This testbench drives inputs on negedge clk so they are stable before the next posedge clk. That avoids accidental races in the testbench itself.

`timescale 1ns/1ps

module tb_add_top;

  reg clk, rst, start;
  reg [7:0] a, b;
  wire [7:0] out;
  wire done;

  // Set USE_DFF_CTRL to 0 or 1 to compare styles
  add_top #(.W(8), .USE_DFF_CTRL(1)) dut (
    .clk(clk), .rst(rst),
    .start(start),
    .a(a), .b(b),
    .out(out),
    .done(done)
  );

  initial begin
    clk = 1'b0;
    forever #5 clk = ~clk;
  end

  task pulse_start_with_operands;
    input [7:0] aa;
    input [7:0] bb;
    begin
      @(negedge clk);
      a     = aa;
      b     = bb;
      start = 1'b1;

      @(negedge clk);
      start = 1'b0;
    end
  endtask

  initial begin
    $dumpfile("tb_add_top.vcd");
    $dumpvars(0, tb_add_top);

    rst = 1'b1;
    start = 1'b0;
    a = 8'd0;
    b = 8'd0;

    #12 rst = 1'b0;

    pulse_start_with_operands(8'd10, 8'd20);

    // change operands after starting; output should not change
    @(negedge clk);
    a = 8'd1;
    b = 8'd2;

    pulse_start_with_operands(8'd7, 8'd9);

    #60 $finish;
  end

endmodule

When you run the testbench, you should see the following result:

done pulses for one cycle in the write state.
out updates on the ld_out cycle and then holds. The value of out is observed one cycle after done (Moore machine)
If a and b change after the load, out does not change.

This architecture with a controller and datapath follows a clear rule: the FSM emits control signals; the datapath performs computation and returns status/feedback signal. Once this rule is followed, the design becomes easier to scale to multi-step operations, waits, branches, stalls, and handshakes, with predictable simulation that matches hardware behavior. State storage for the FSM can be written inline or implemented using a DFF submodule bank. You will see the same architectural principle with Beta CPU Architecture learned in class.

Nuances

In this particular implementation (see both add_datapath and add_controller), the control signals are purely combinational from state, but state itself only changes on the clock edge. That creates a one-cycle “enable lag” relative to the edge where the state flips.

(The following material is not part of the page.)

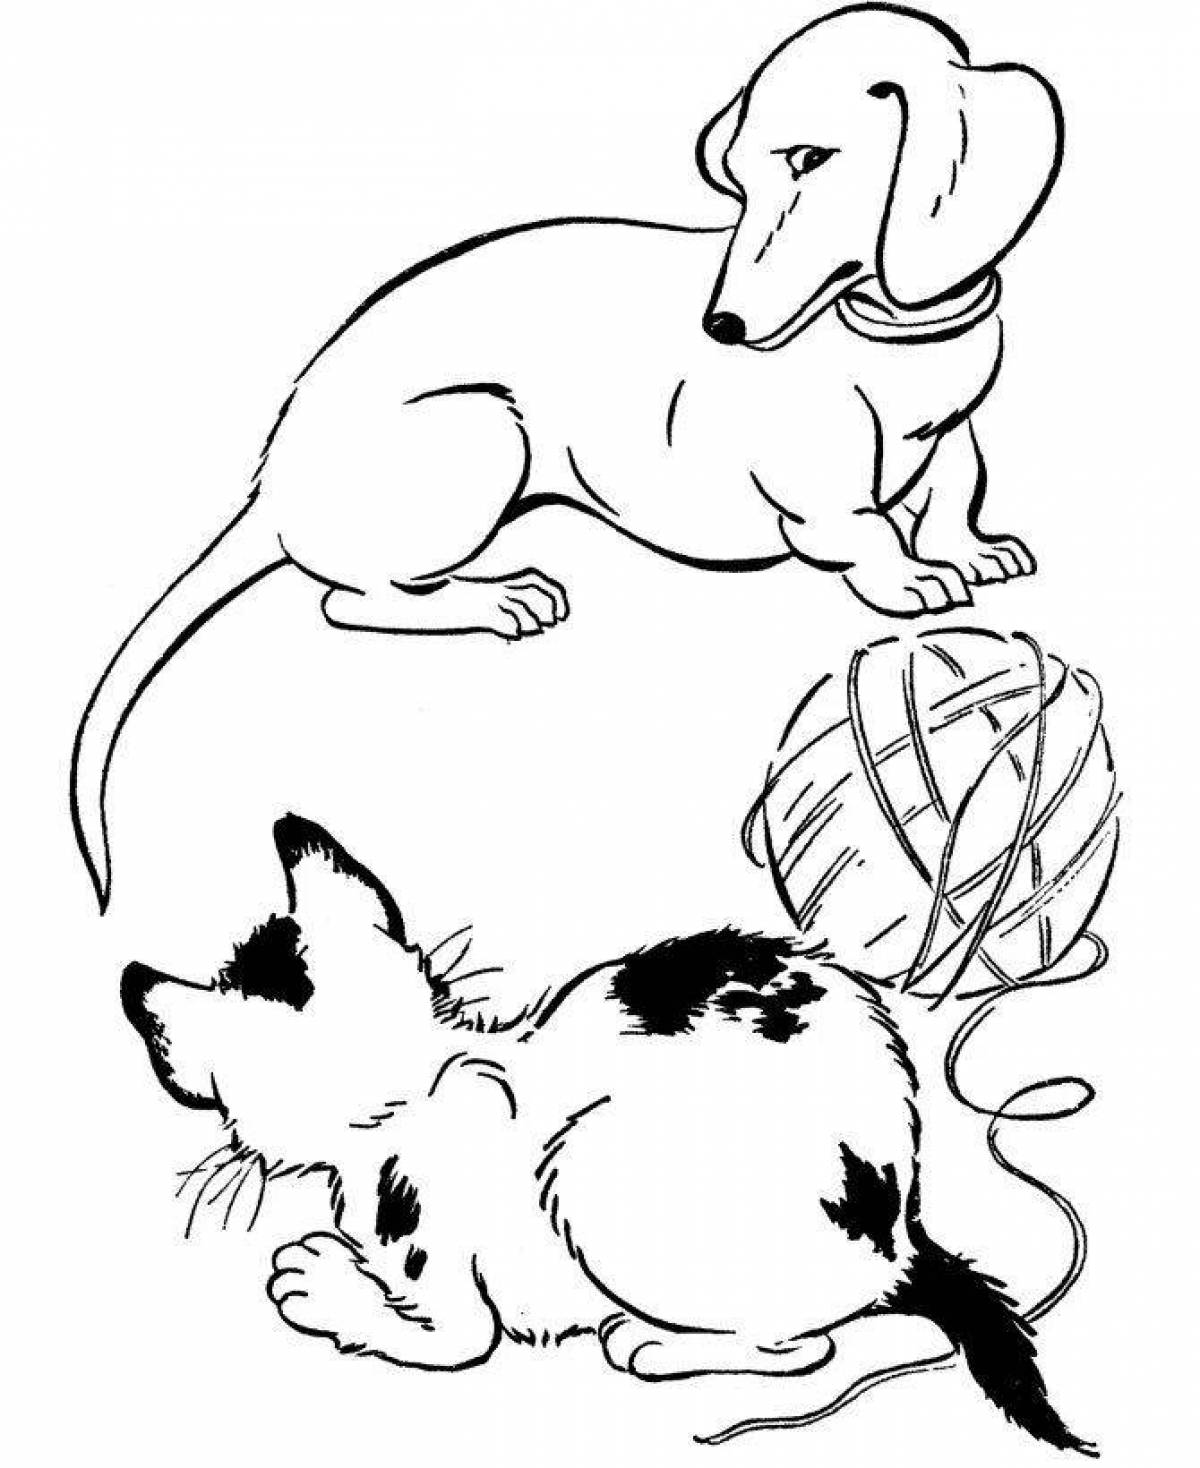 Coloring page bubble cat and dog

At a given posedge, every register samples its inputs using the values that were stable just before that edge. ld_out and done do not become 1 until after the edge when state has updated to S_WRITE (delta-cycle later).

So the timeline is:

Posedge when state becomes S_WRITE:
- state register updates to S_WRITE at the edge.
- Immediately after the edge, combinational logic makes ld_out=1 and done=1.
- But the out register already sampled ld_out at that edge using the old ld_out (from S_LOAD, which was 0).
- Result: done goes high in that cycle, out does not update yet.
Next posedge (when state leaves S_WRITE to S_IDLE):
- During the whole preceding cycle, ld_out was high (because state was S_WRITE).
- Now the out register samples ld_out=1 at this edge and captures sum.
- Result: out updates on this edge, which is the cycle after you first saw done go high.

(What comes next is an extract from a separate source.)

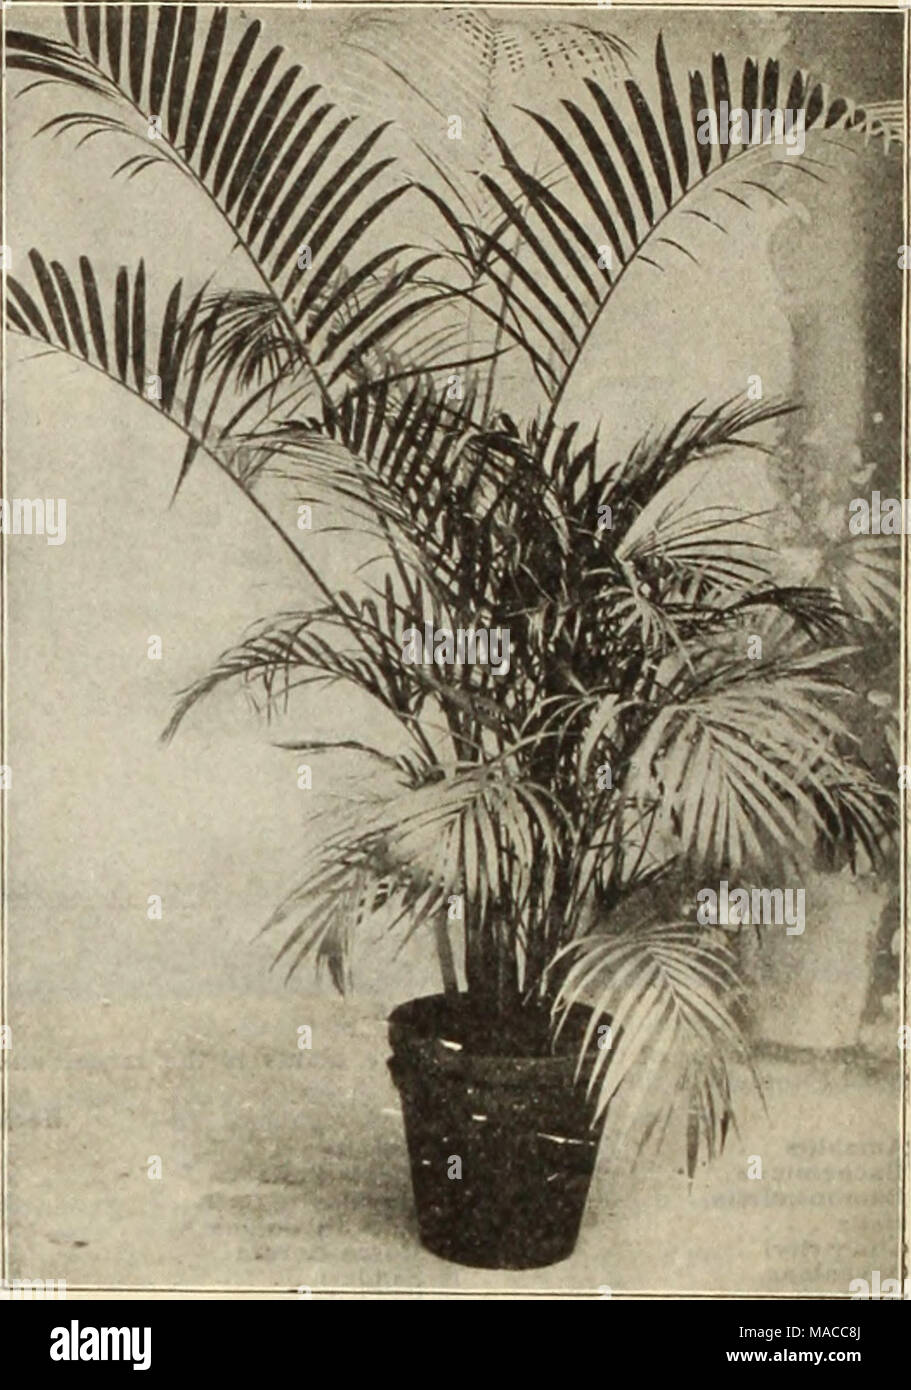 . Dreer's wholesale price list : bulbs for florists plants for florists flower seeds for florists fungicides, fertilizers, insecticides, implements, etc . COCOS WEDDELIANA ARECA LUTESCENS Caryota Blancoll. A rare variety of the Fish-tail Palm. 3-inch pots, $1.50 per doz.; $10.00 per 100. Caryota Urens. 2'/4-inch pots, $1.25 per doz.; $8.no per 100. Chamcedora Elegans. 3-inch pots, $1.50 per doz.: $10.00 per 100. Cocos Flexuosus and Plumosus. Extensively used in parts of California and Louisiana foront-d'oor planting, and also valuable for decorative purposes. 2'/4-inch pots, $1.50 per doz.;$10 Stock Photo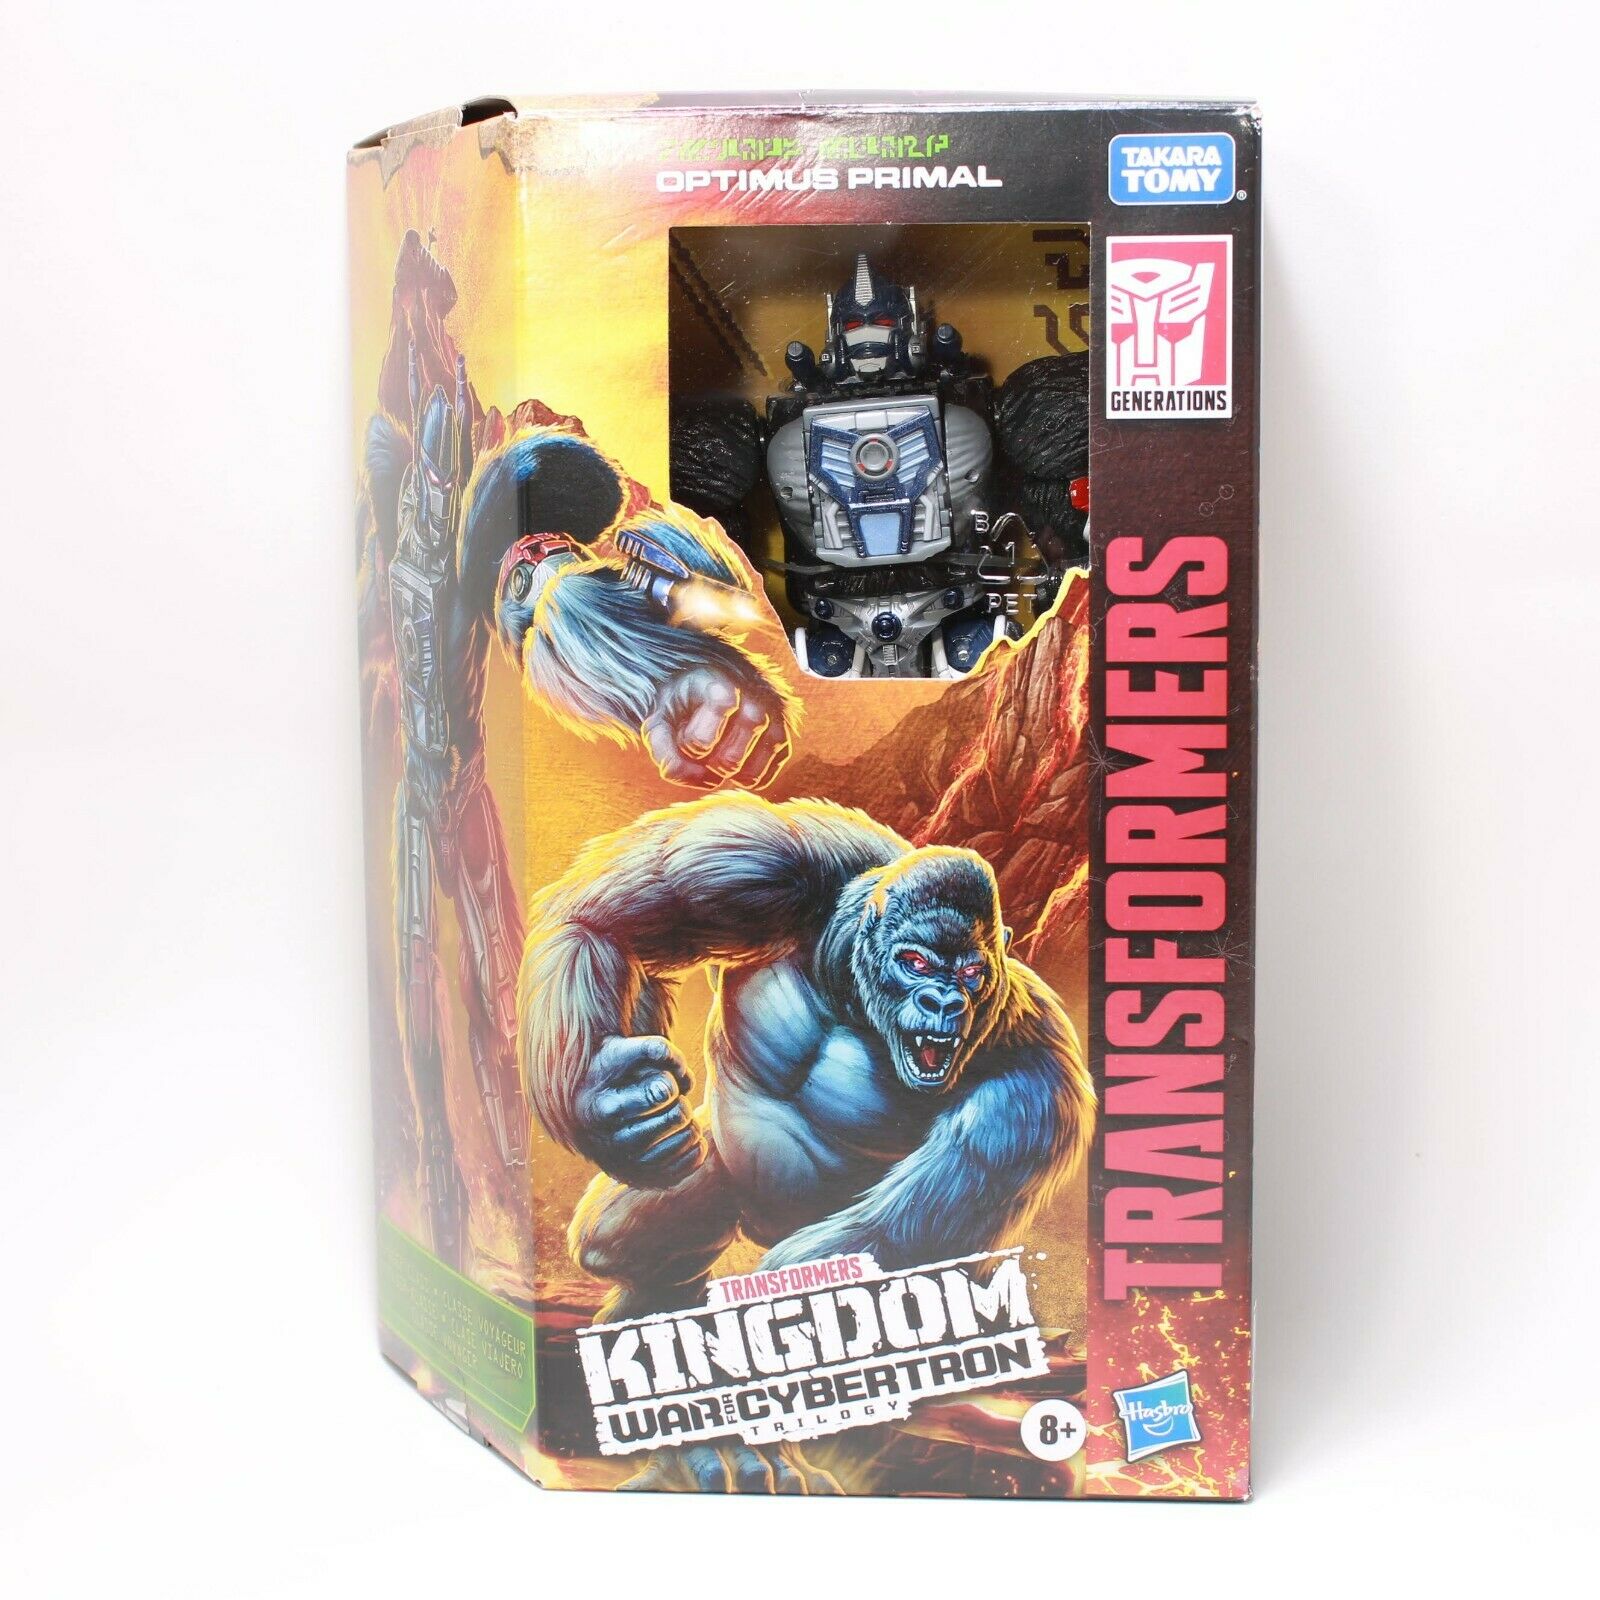 Transformers Kingdom Optimus Primal - Voyager Class War for Cybertron Complete

Slowing Down an FSM for Human Observation

In an FPGA design, the system clock is usually very fast (tens of MHz). At that speed, an FSM may transition through many states in microseconds, which is far too quick to observe on LEDs or a 7-segment display. When the goal is to demonstrate behavior to a human, we do not “slow the FPGA clock down” globally. Instead, we keep the main clock unchanged and make the FSM advance only when a slower pacing signal allows it.

There are two common ways to do this. The recommended way is to use a clock-enable (tick). A less recommended way is to use a derived slow clock as an actual clock (the original Lab 4 handout in Lucid discussed about this). In this course, we emphasize the clock-enable approach because it stays within a single clock domain and avoids clocking logic with non-global clock signals.

Keep the main clock, slow the state transitions

We use slow_clock with edge_detector as input to the FSM, while still driving the FSM with the actual clk.

The key idea is to separate:

the clock that keeps all registers synchronous (clk)
the step condition that decides when the FSM is allowed to change state (slow_step/slow_clock)

The FSM state register still updates on posedge clk, but it updates to the next state only on certain cycles, typically when a pulse slow_step is high. On cycles where slow_step is low, the state simply holds.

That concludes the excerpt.